Department of Ophthalmology, Assaf Harofeh Medical Center, Tel-Aviv University, Tel-Aviv, Israel.
Cornea. 2011 Jan;30(1):105-6. doi: 10.1097/ICO.0b013e3181e458af.
To report the diagnosis and management of a patient with chronic ophthalmic topical anesthetic abuse and floppy eyelid syndrome.
We describe the case of a 47-year-old man suffering from persistent bilateral ocular irritation and chronic corneal erosions.

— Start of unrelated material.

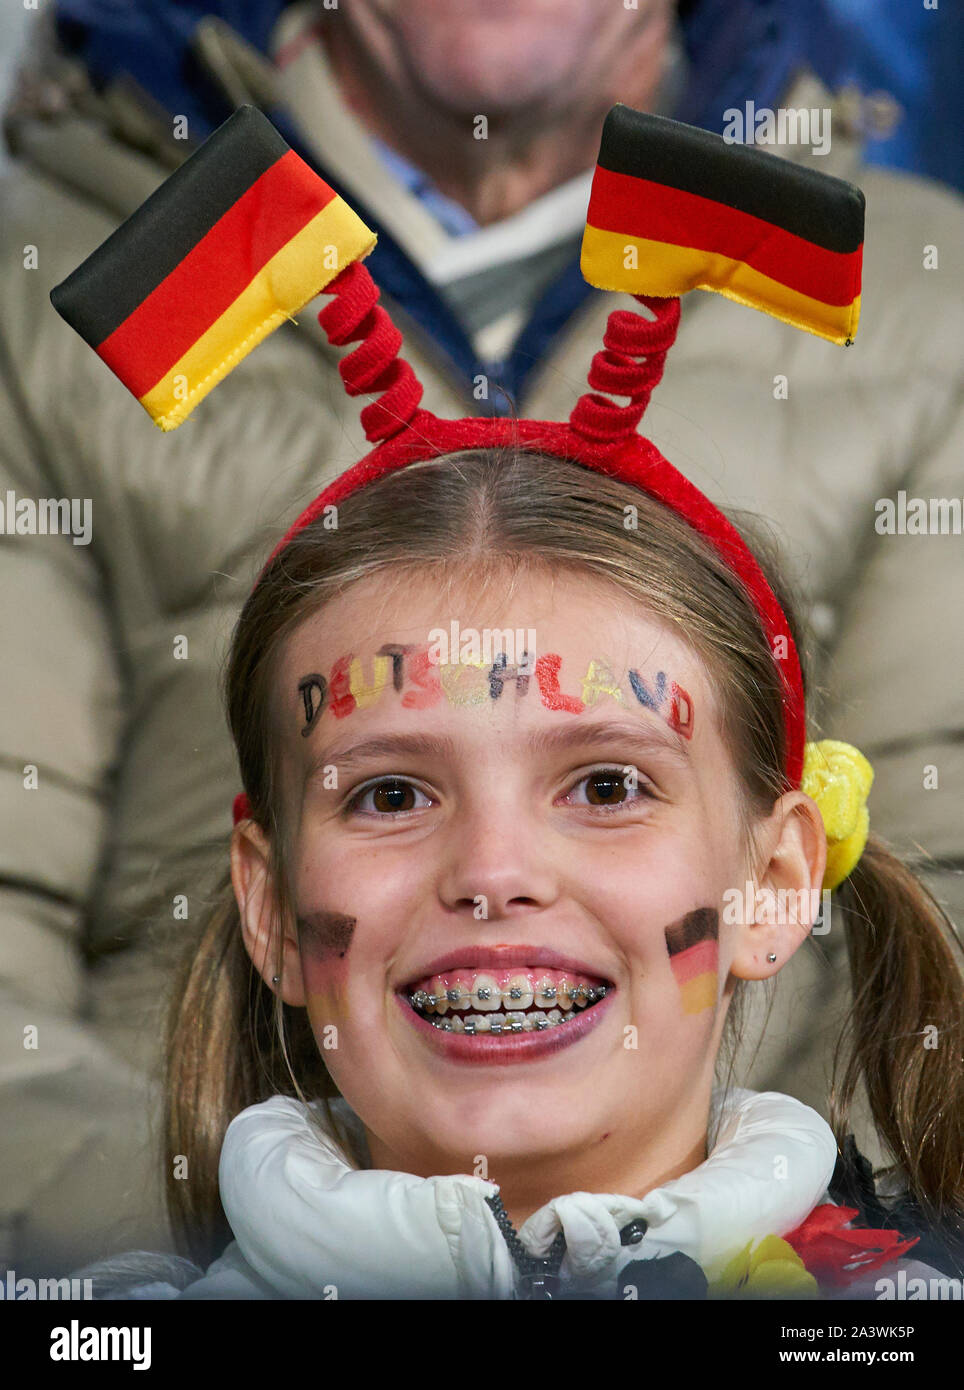 Germany- Argentina, Soccer, Dortmund, October 09, 2019 Fan, young girl with make-up and brace GERMANY - ARGENTINA 2-2 friendly match,  German Football National team, DFB , Season 2019/2020,  October 09, 2019 in Dortmund, Germany. © Peter Schatz / Alamy Live News Stock Photo

The patient was hospitalized in our ophthalmology department and underwent thorough ophthalmic, systemic, and psychiatric evaluation. Chronic topical anesthetic abuse was discovered. Removal of abused drops and copious lubricating treatment lead to partial improvement further permitting diagnosis of floppy eyelid syndrome. Definitive surgical treatment by horizontal eyelid tightening combined with continuous lubrication resulted in remission of symptoms.

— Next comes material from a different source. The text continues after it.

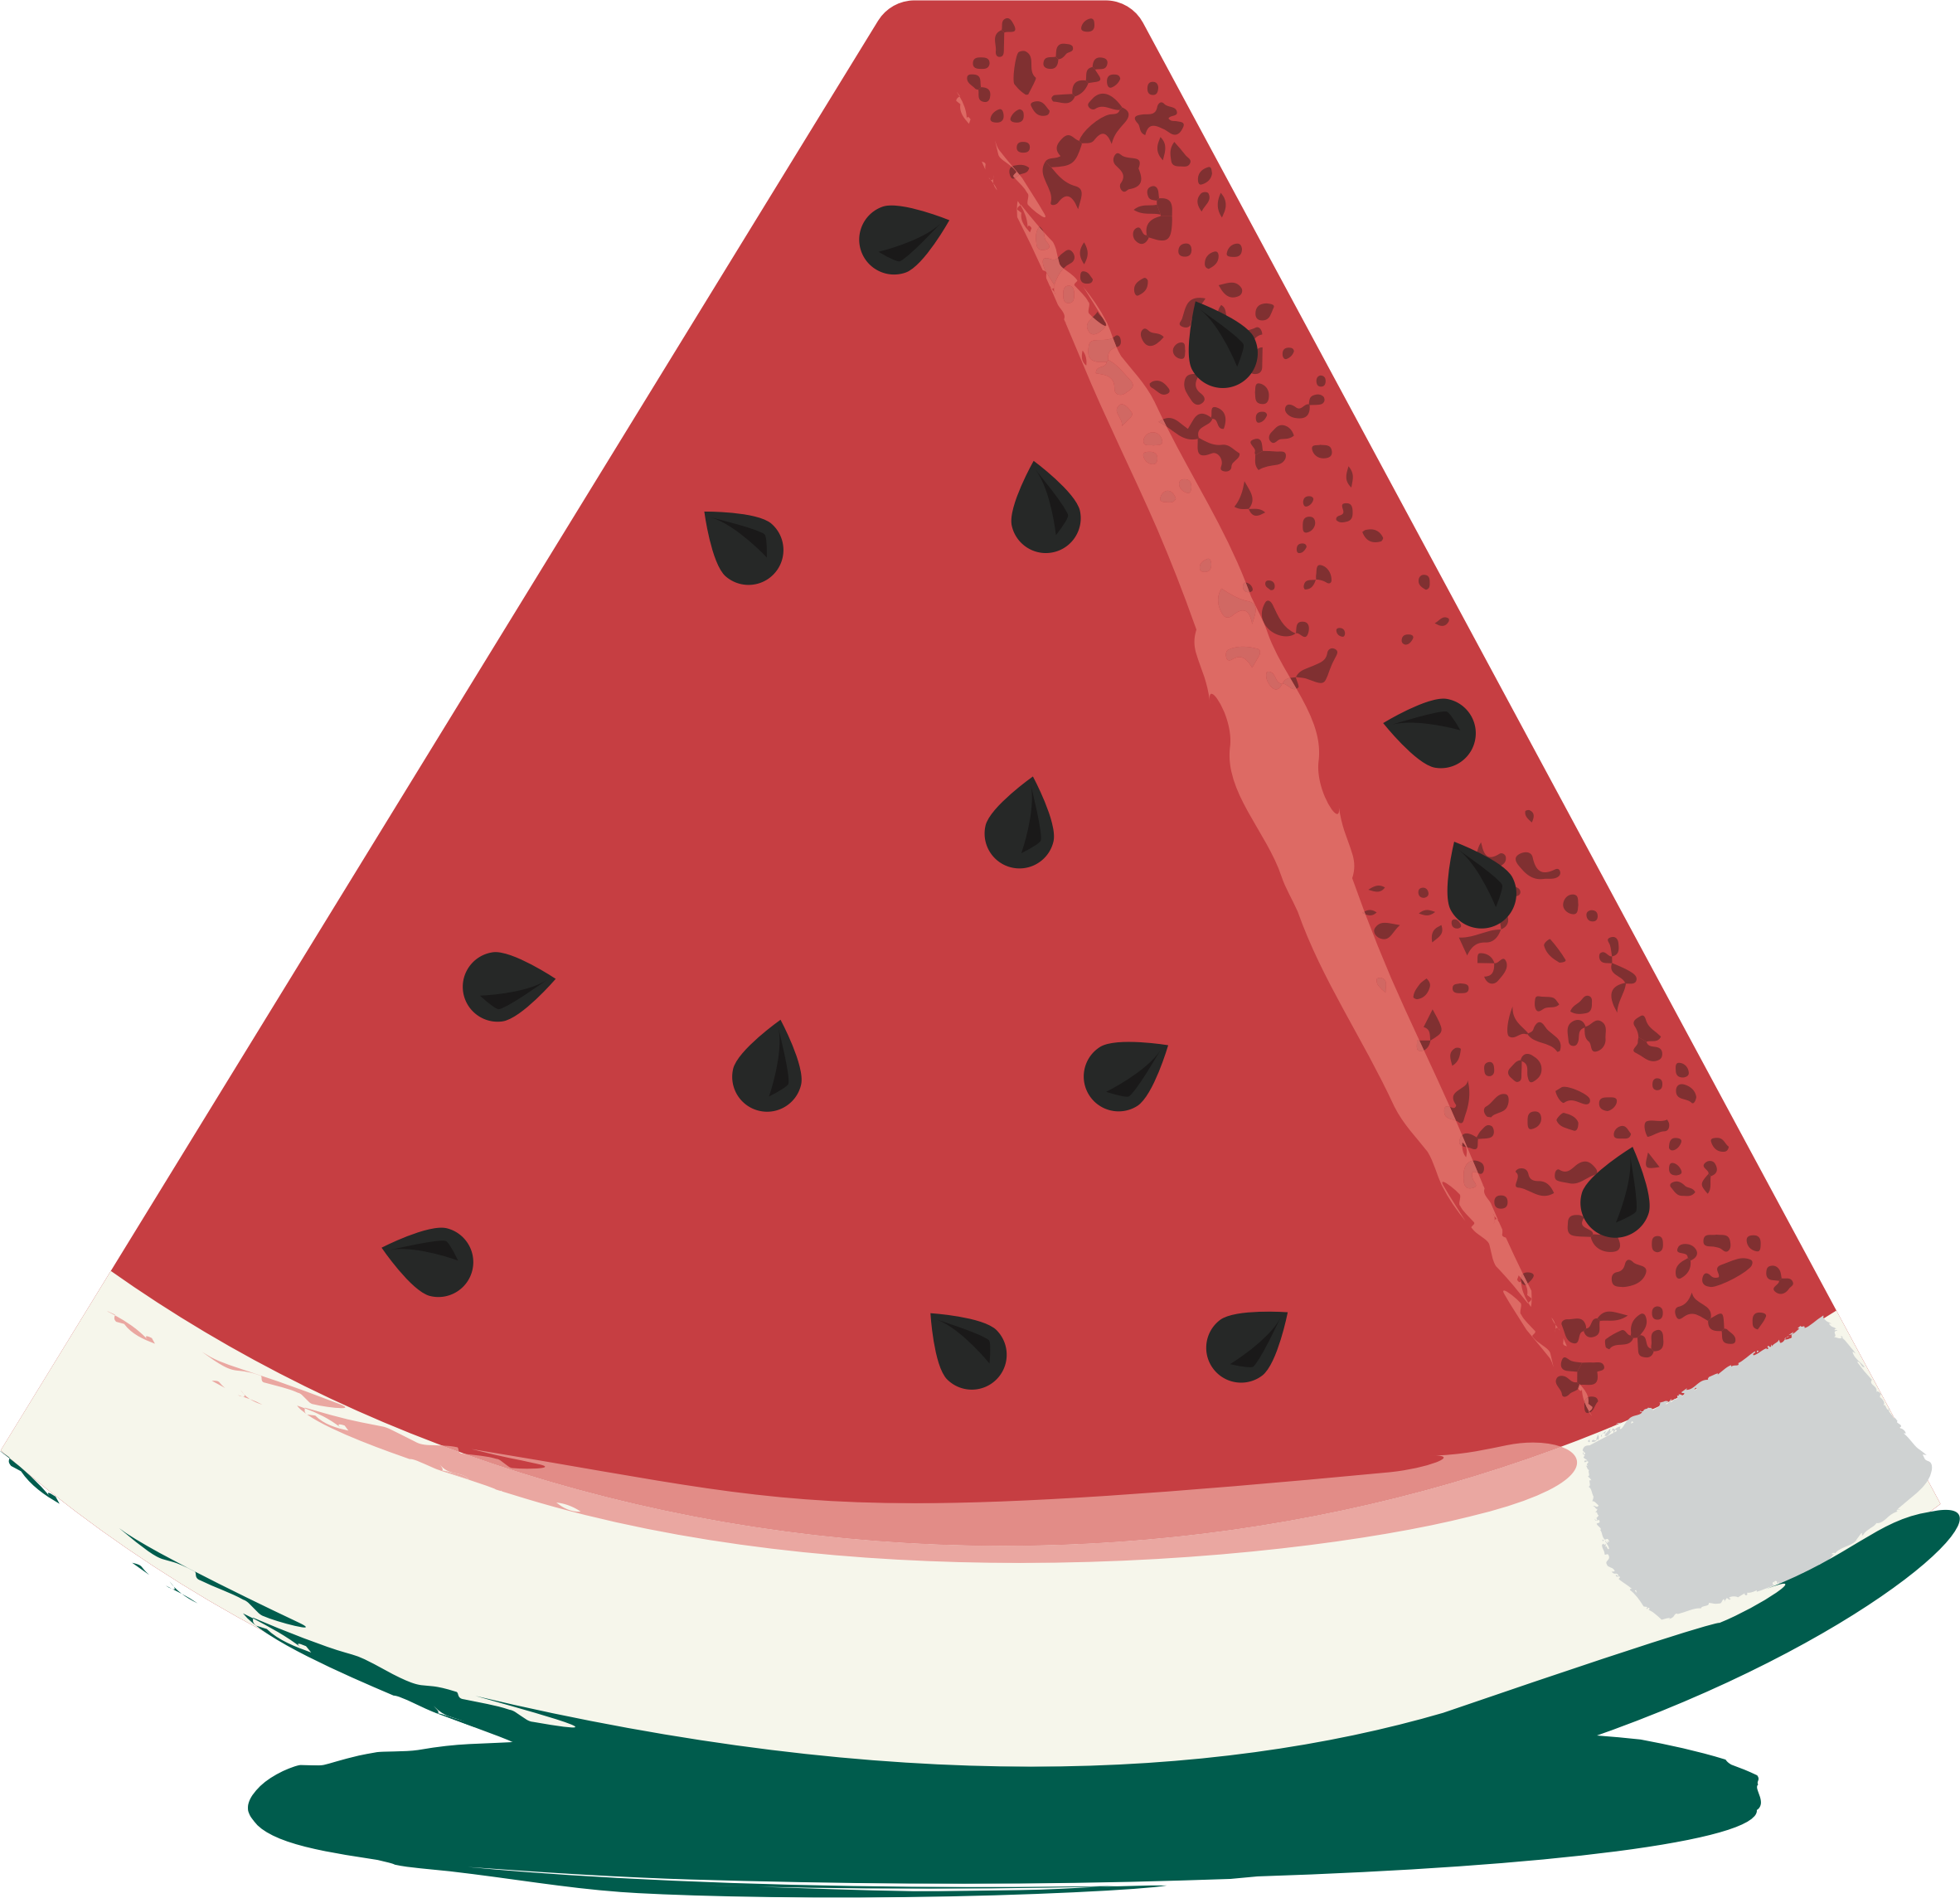 Slice clip art images. Watermelon clipart triangular object

Uncommon conditions may coexist in 1 patient. In this case, floppy eyelid syndrome resulted in topical anesthetic abuse. Ophthalmologists should keep both these conditions in mind when treating patients with otherwise unexplained chronic persistent corneal erosions.
报告 1 例慢性眼部局部麻醉剂滥用伴眼睑下垂综合征患者的诊断和治疗方法。
我们描述了 1 例 47 岁男性患者,其患有持续性双侧眼部刺激和慢性角膜糜烂。
患者因慢性局部麻醉剂滥用被收入我院眼科。经全面眼科、系统和精神科评估后发现,该患者患有慢性局部麻醉剂滥用。停止使用滥用的滴眼剂并进行大量润滑治疗后,症状部分改善,从而进一步诊断为眼睑下垂综合征。通过水平眼睑收紧联合持续润滑的确定性手术治疗使症状缓解。
在 1 例患者中可能会同时存在不常见的病症。在本例中,眼睑下垂综合征导致了局部麻醉剂滥用。当眼科医生治疗其他原因不明的慢性持续性角膜糜烂的患者时,应牢记这两种情况。